(DATA RECORDS)

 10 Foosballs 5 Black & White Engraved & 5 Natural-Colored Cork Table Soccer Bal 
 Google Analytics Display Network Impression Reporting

--

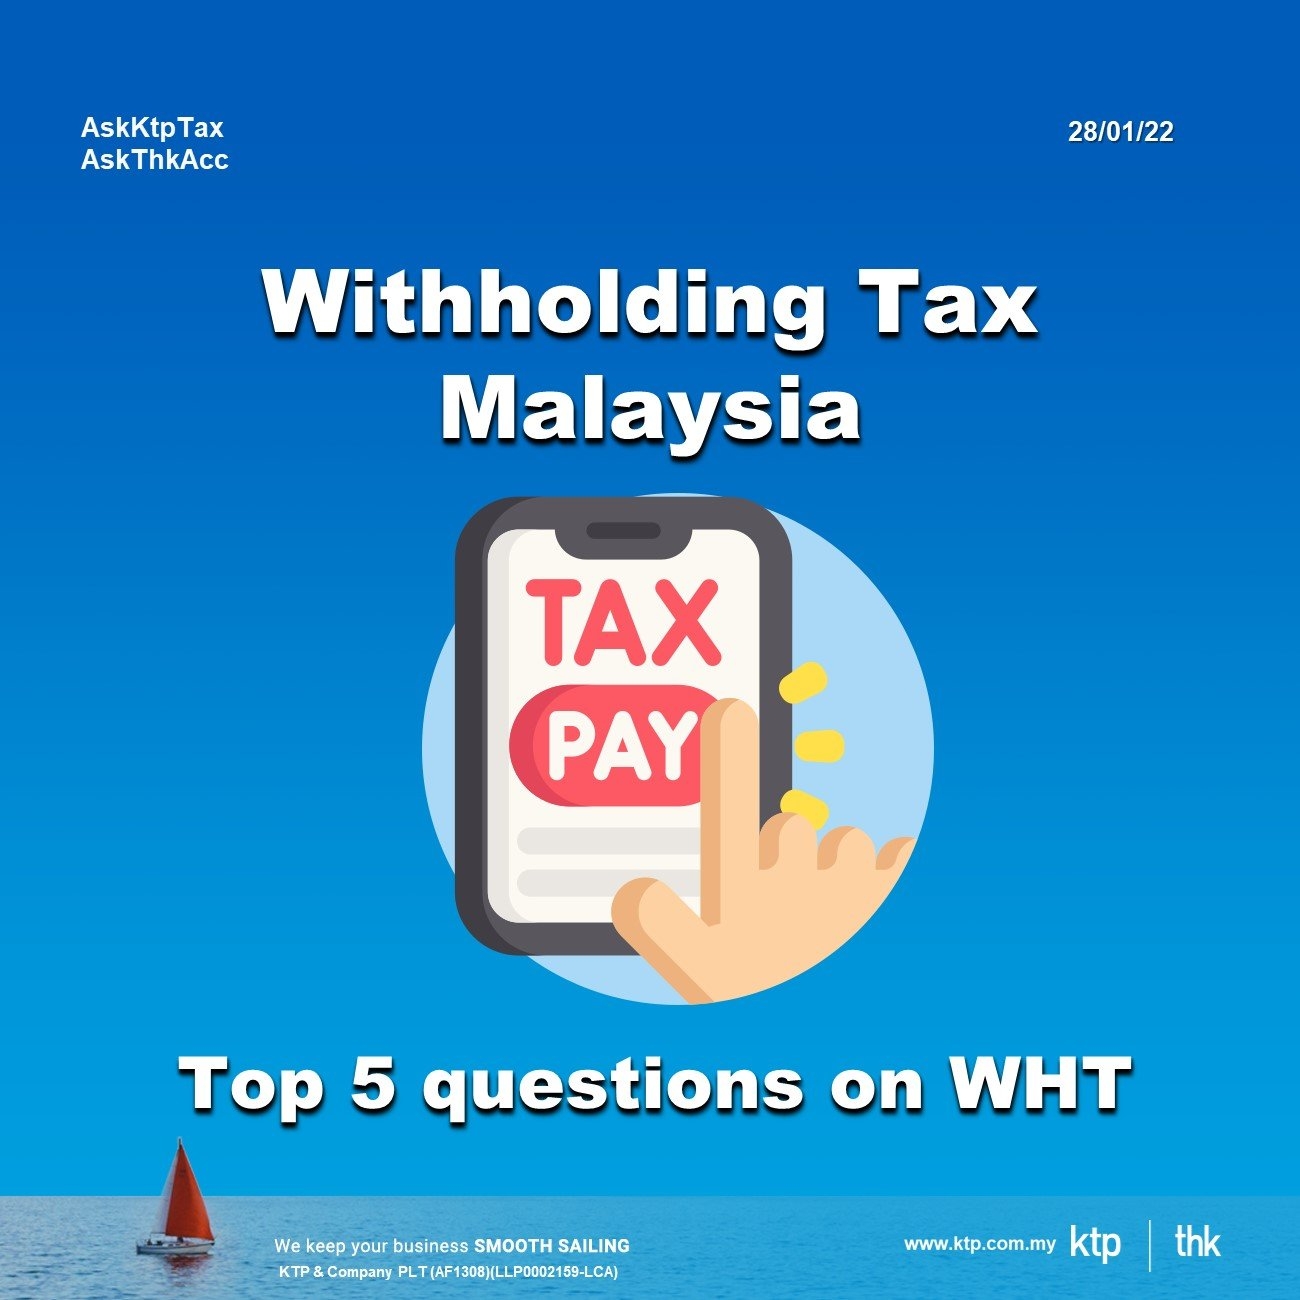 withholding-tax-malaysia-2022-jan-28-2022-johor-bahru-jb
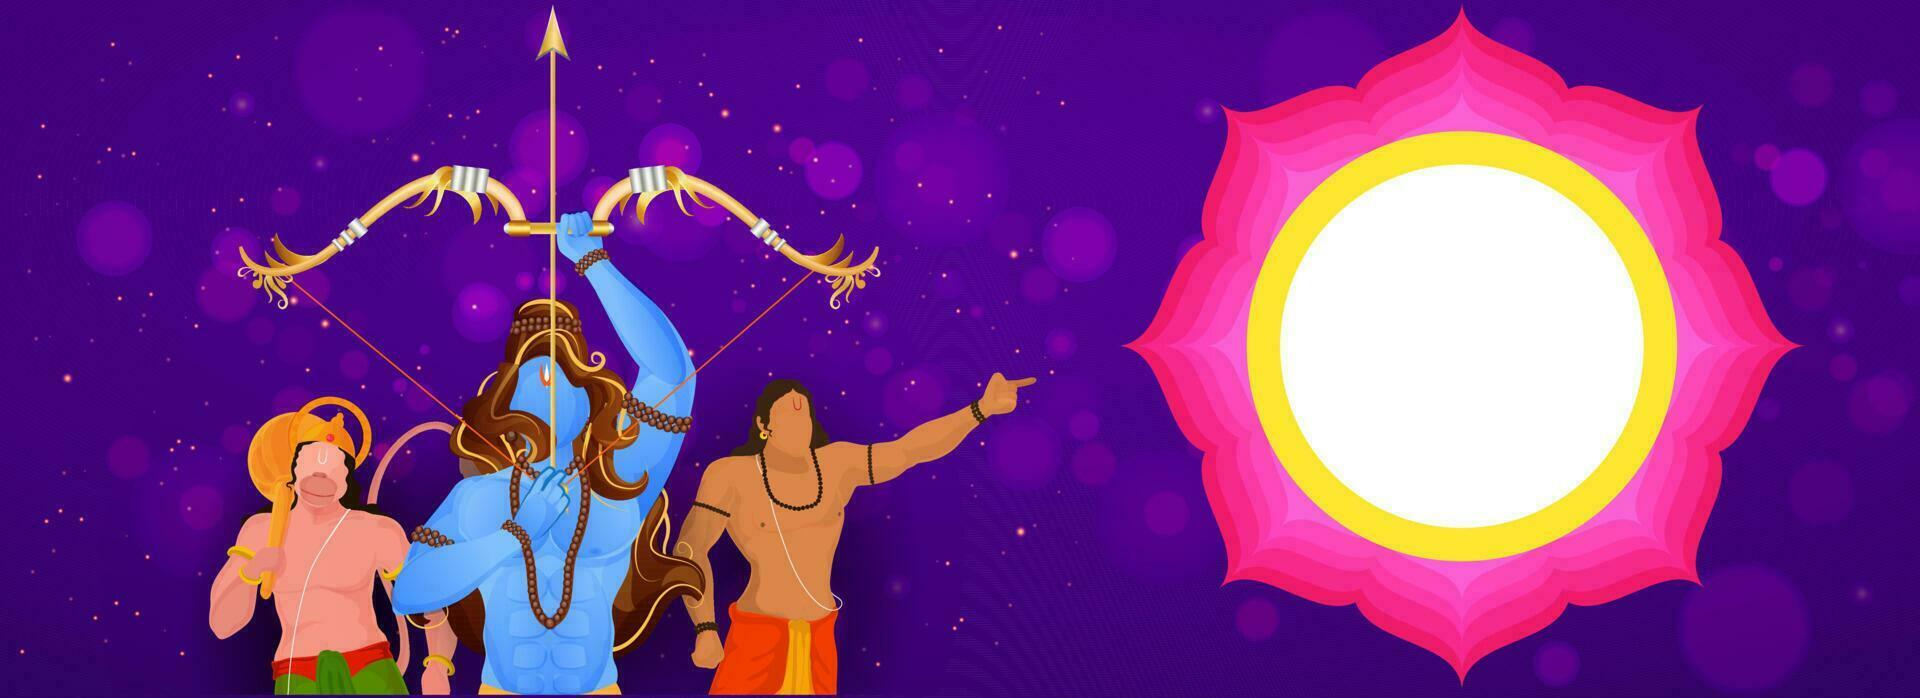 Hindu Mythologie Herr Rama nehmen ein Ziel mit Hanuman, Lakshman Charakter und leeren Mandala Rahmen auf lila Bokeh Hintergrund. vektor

(TASK REQUIREMENTS)
Precisely the lines between those holding "10 Foosballs 5" and "Google Analytics Display", inclusive, are to be reproduced from the listing above, with nothing added.

(ANSWER FOR THIS EXERCISE)
 10 Foosballs 5 Black & White Engraved & 5 Natural-Colored Cork Table Soccer Bal 
 Google Analytics Display Network Impression Reporting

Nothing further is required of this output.